Give the data again exactly as it appears, excluding any pictures.

### Provided material
##############################

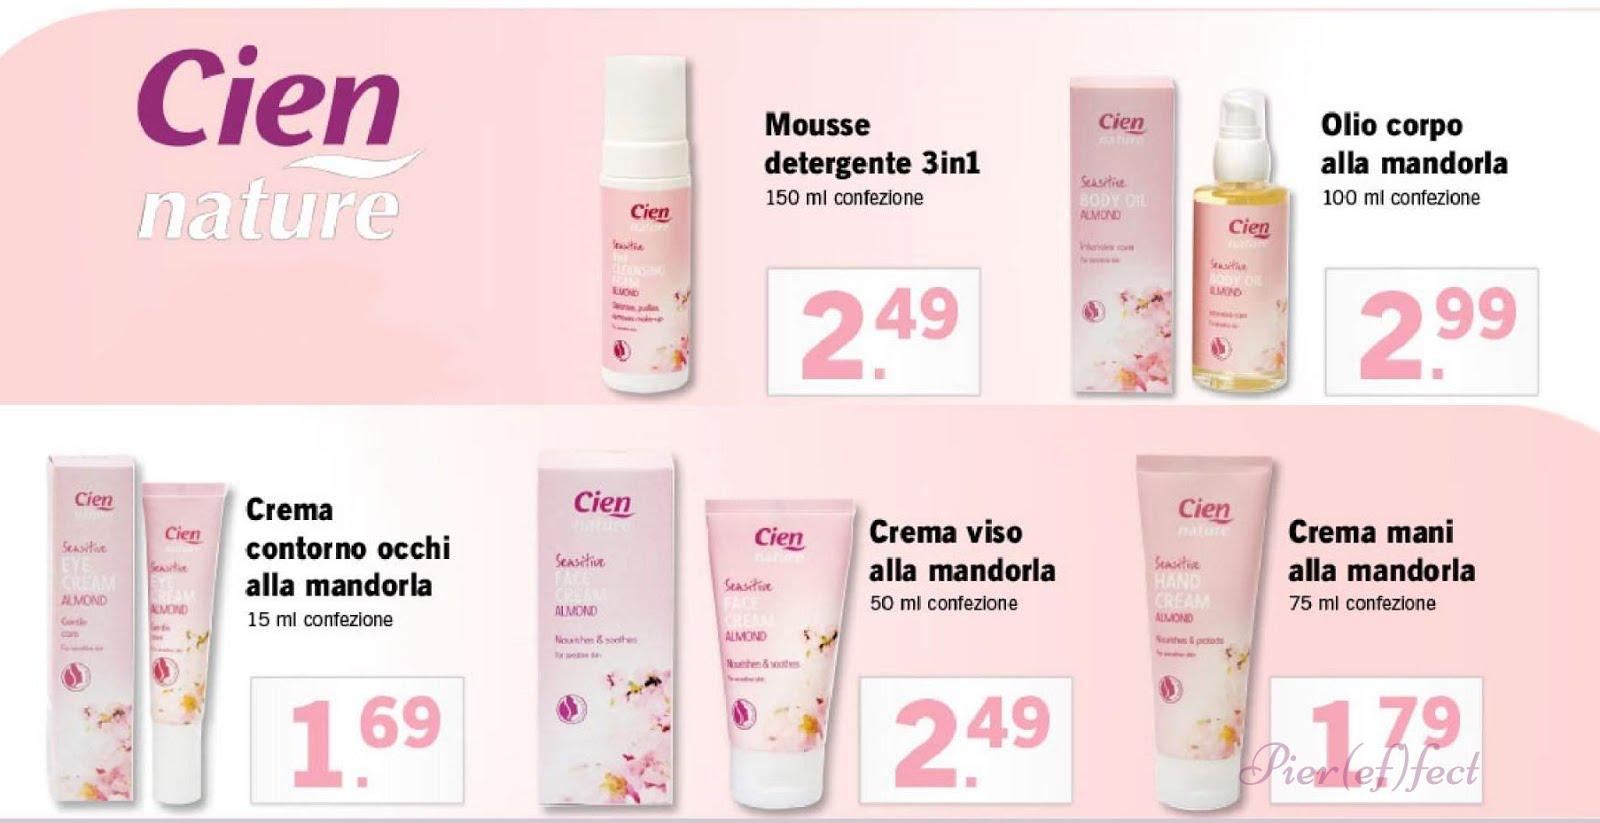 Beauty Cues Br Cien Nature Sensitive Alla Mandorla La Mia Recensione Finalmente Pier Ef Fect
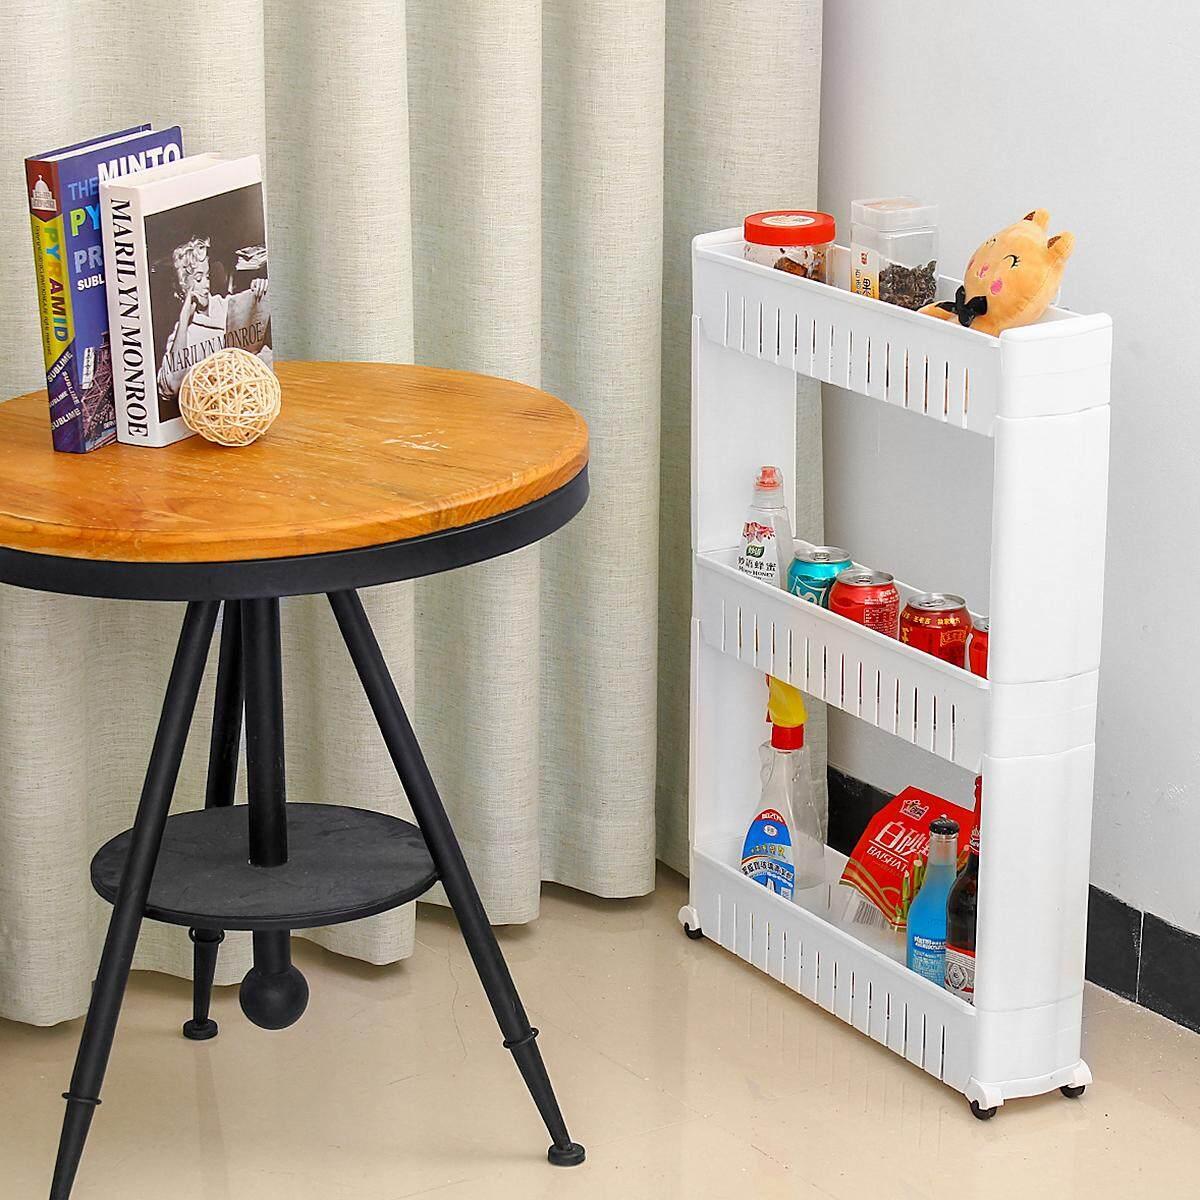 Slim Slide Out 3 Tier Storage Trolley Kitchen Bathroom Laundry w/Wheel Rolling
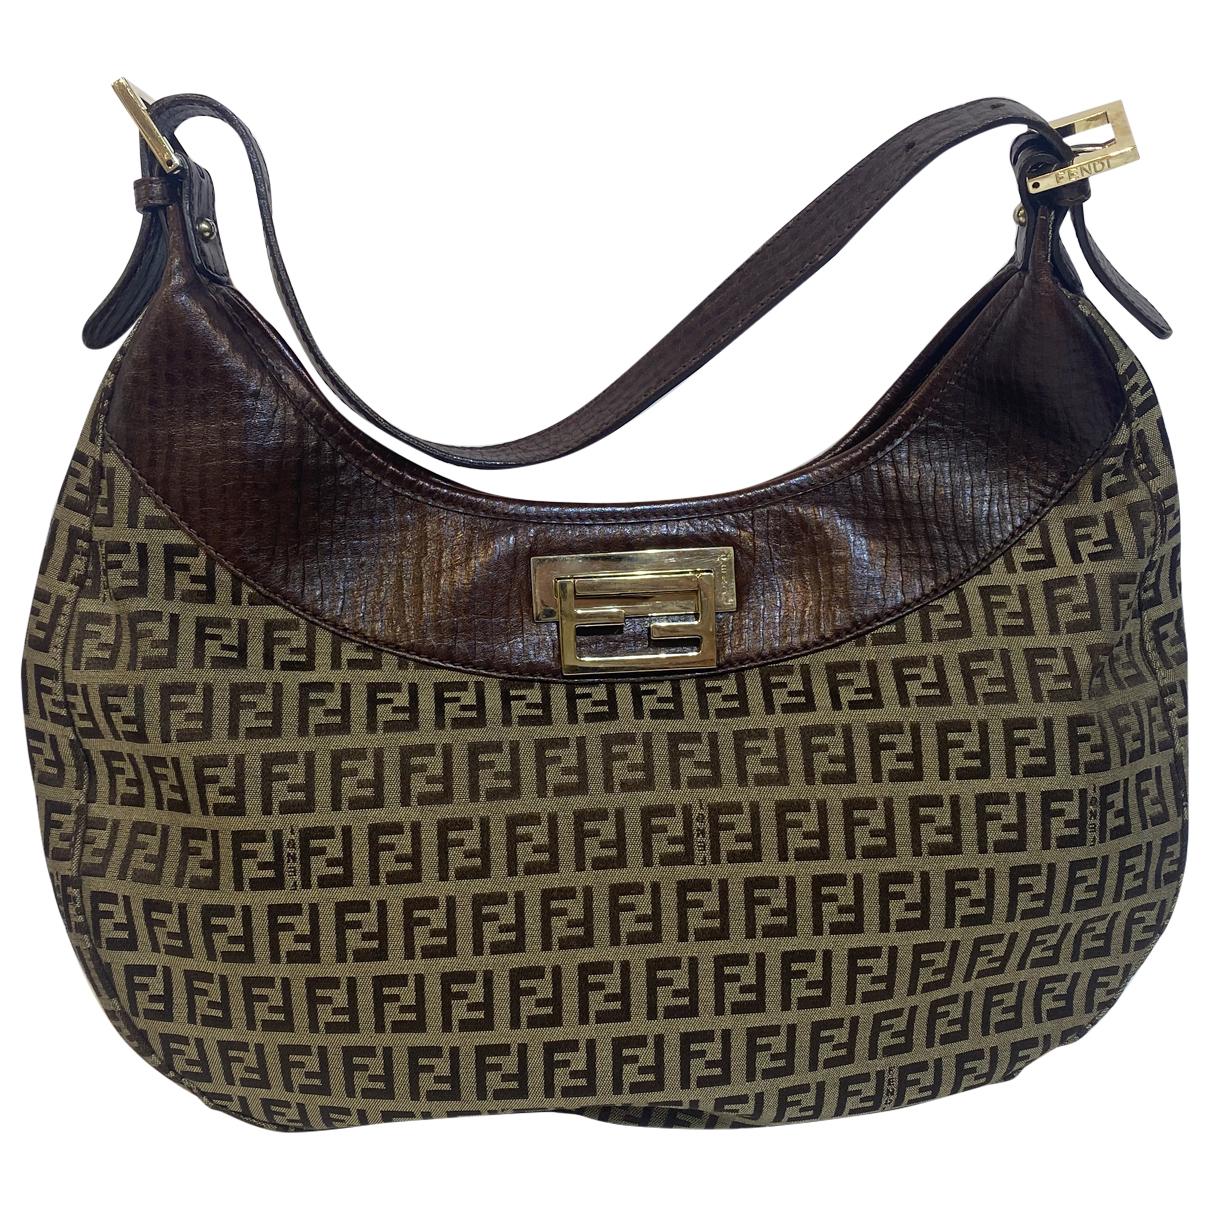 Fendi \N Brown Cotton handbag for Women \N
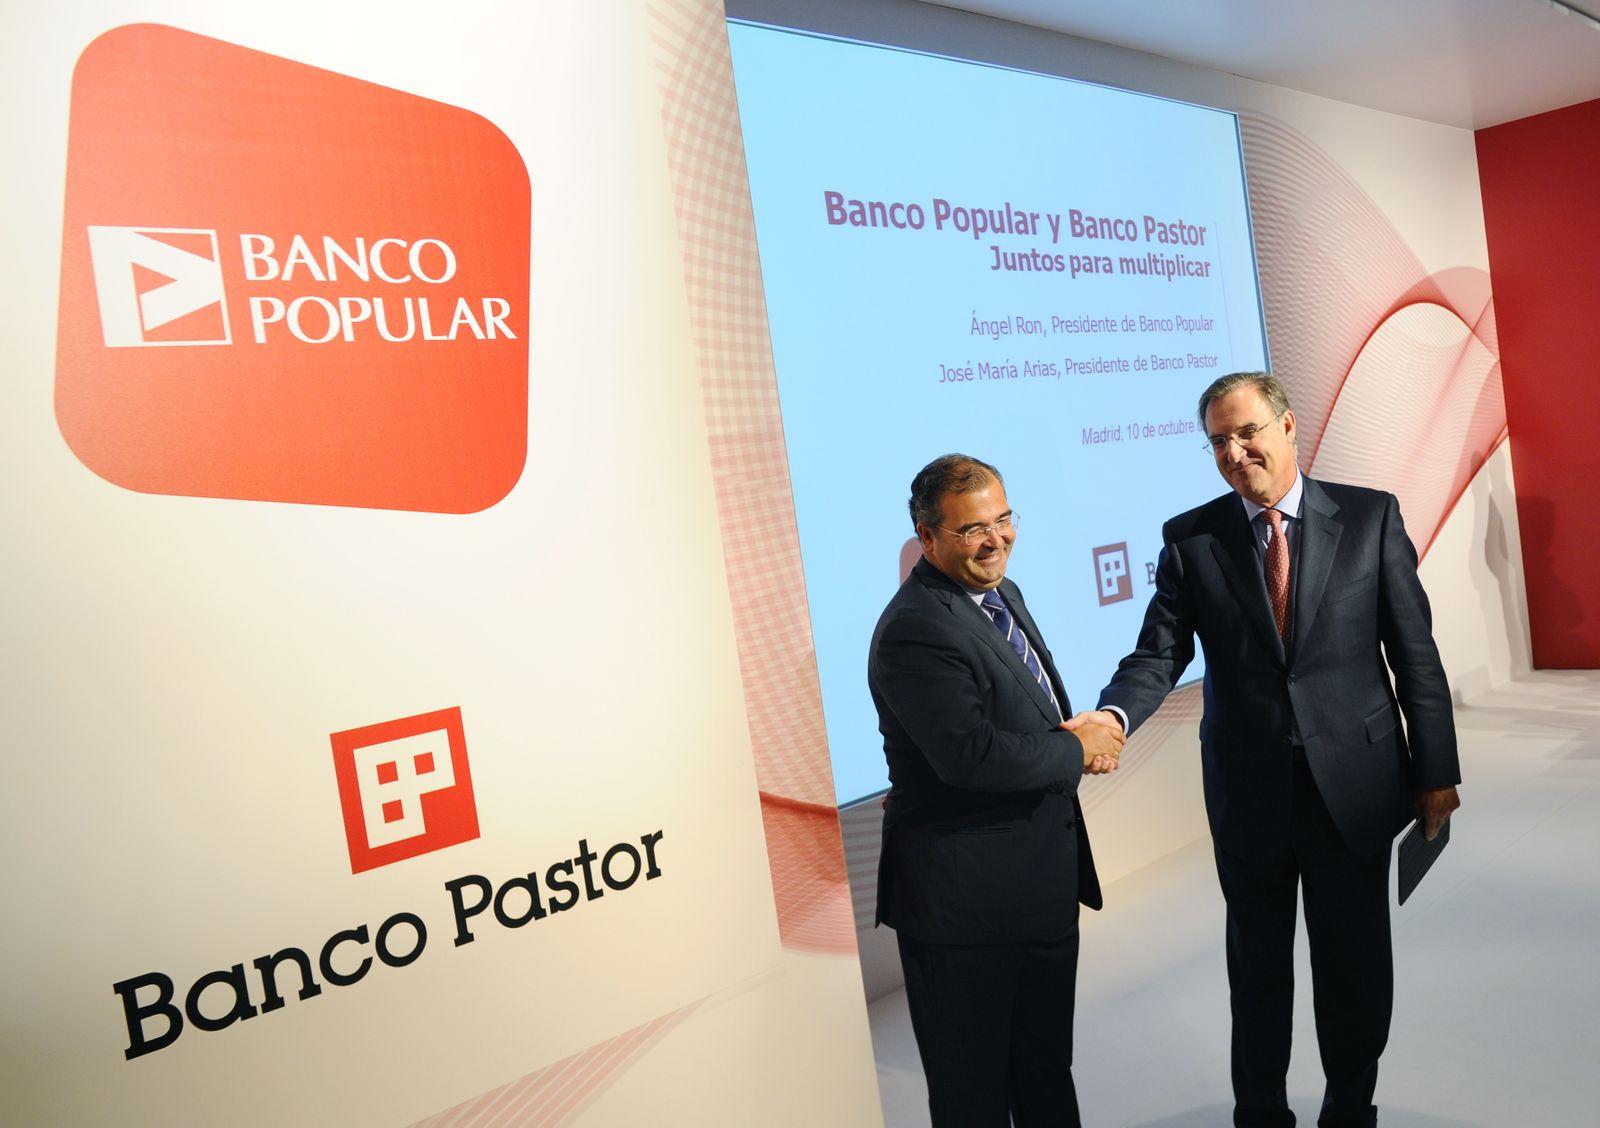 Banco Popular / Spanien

##############################

### Task result
 Beauty Cues Br Cien Nature Sensitive Alla Mandorla La Mia Recensione Finalmente Pier Ef Fect
 Slim Slide Out 3 Tier Storage Trolley Kitchen Bathroom Laundry w/Wheel Rolling
 Fendi \N Brown Cotton handbag for Women \N
 Banco Popular / Spanien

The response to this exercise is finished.